NextDecade continues efforts to protect local Texas tortoise population

NextDecade continues efforts to protect local Texas tortoise population

NextDecade continues to work diligently towards fulfilling and demonstrating our commitments to the Rio Grande Valley community. These commitments include protecting the environment and mitigating the effects development on our project site may have to local wildlife. NextDecade recently donated $100,000 to TAMUK to fund the Texas tortoise translocation research project, which will be ongoing as the RGLNG project site progresses through construction and development.

The team at NextDecade is working with TAMUK to understand the effectiveness of translocation as a mitigation strategy for Texas tortoises, which are listed as a threatened species in the state of Texas and have habitats primarily located in South Central Texas and parts of Mexico.

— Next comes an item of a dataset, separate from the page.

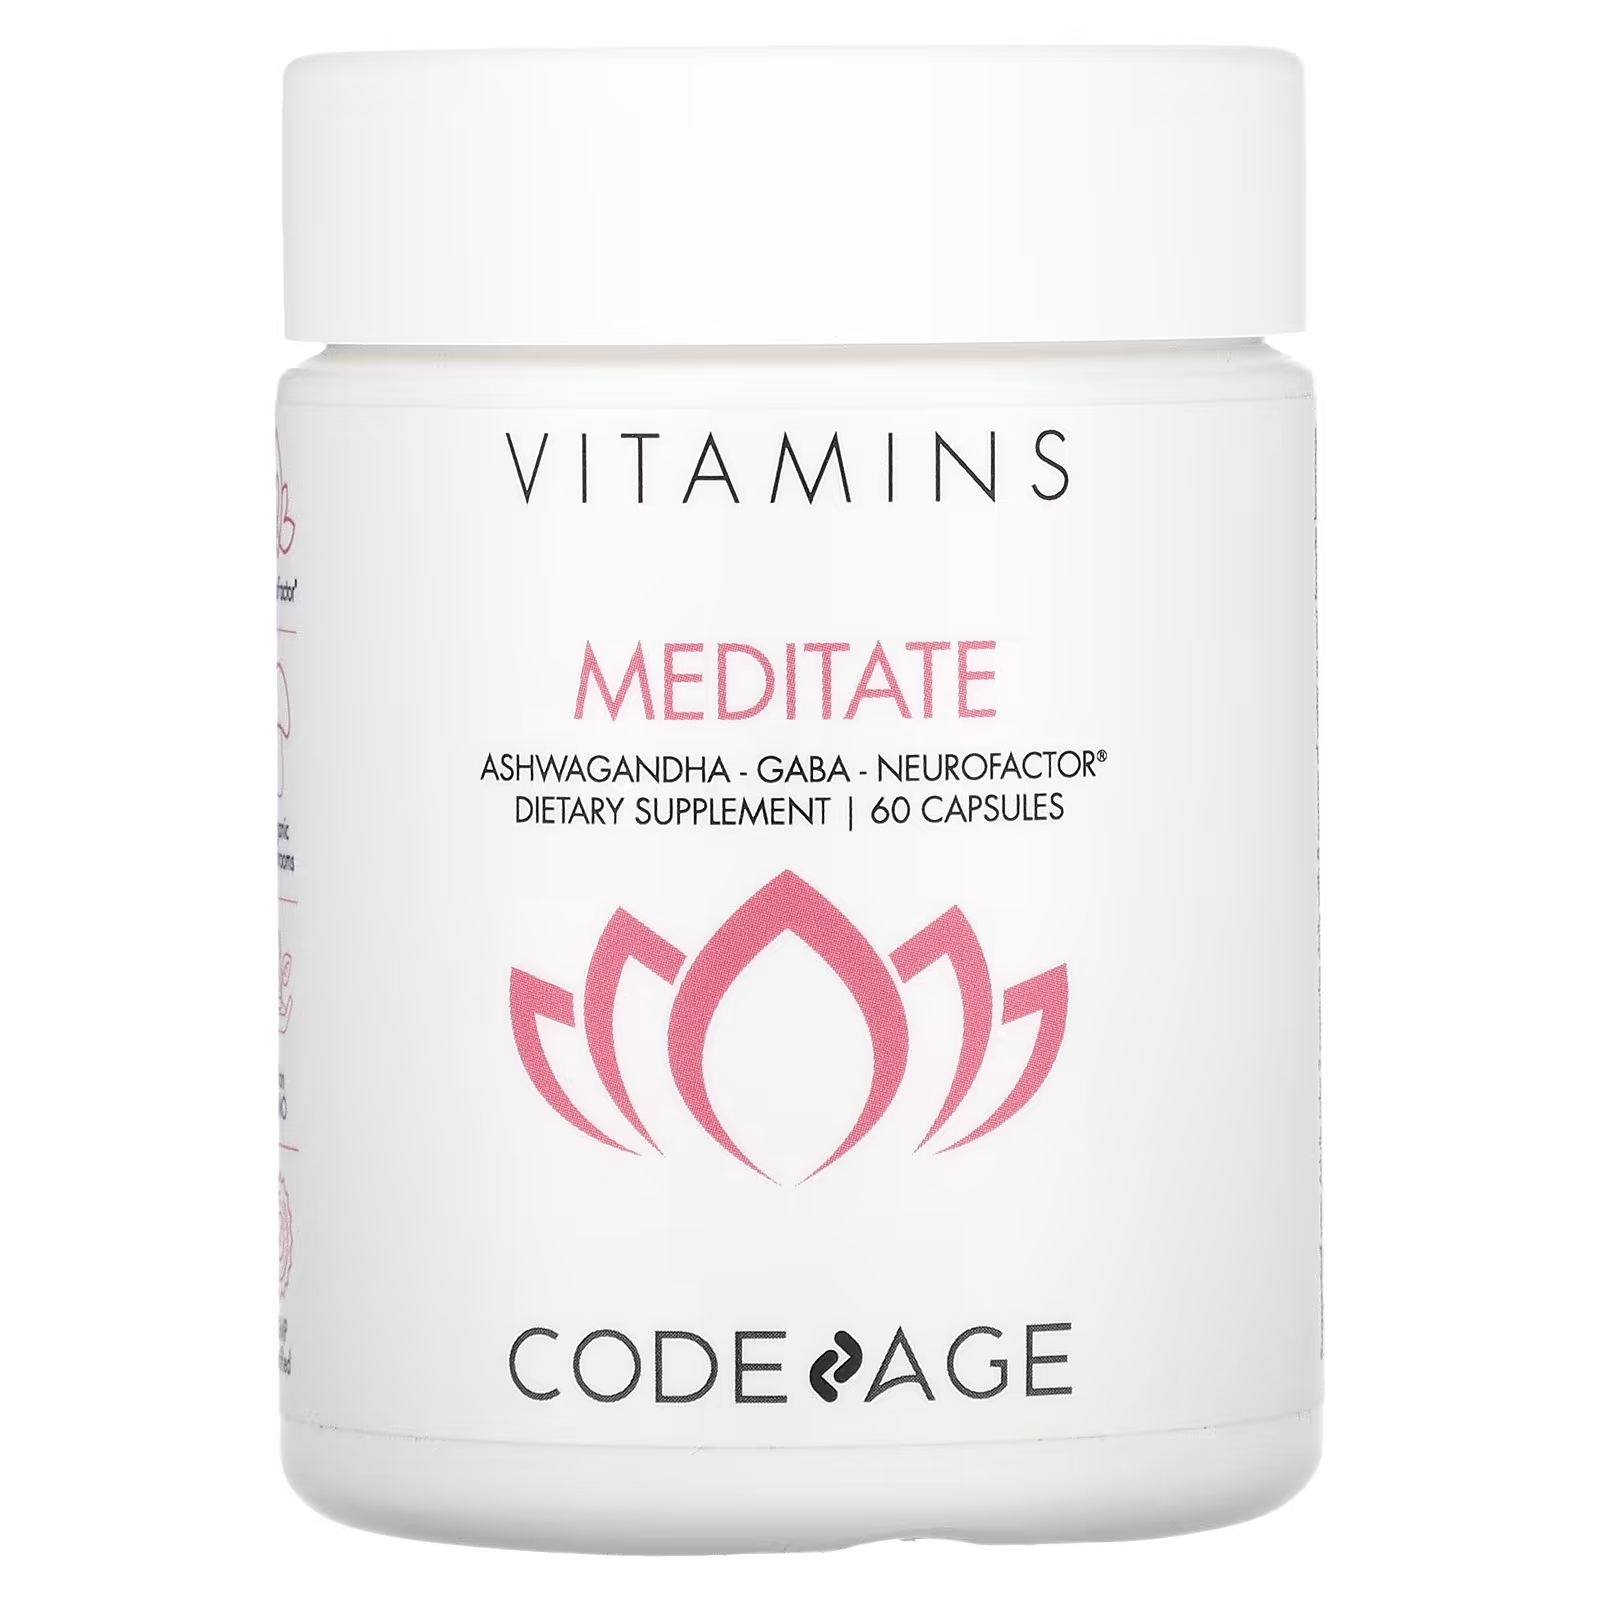 Codeage Vitamins Meditate ашваганда габа нейрофактор, 60 капсул codeage vitamins clearface 90 капсул

Translocating the tortoises safely relocates them to a new area outside of their original home range. The study also seeks to determine the Texas tortoises’ movement patterns, detectability, and habitat preference and use in southern Texas.

The study, which is led by TAMUK’s Regents Professor and Chair of the Rangeland and Wildlife Sciences Department Dr. Scott Henke and approved by Texas Parks and Wildlife Department’s (TPWD) started in 2019 when the “Texas tortoise project team” – consisting of representatives from NextDecade, TPWD, and Gladys Porter Zoo (GPZ) – visited the RGLNG project site to locate Texas tortoises.

“As part of the Caesar Kelberg Institute, we have a graduate student program where students get training to do various types of problem-solving wildlife projects,” said Henke. “It has been a great benefit having NextDecade help us fund this project.”

NextDecade continues to work in cooperation with and under the guidance of TAMUK and TPWD to protect Texas tortoise populations in the South Texas area and develop safe and effective mitigation efforts.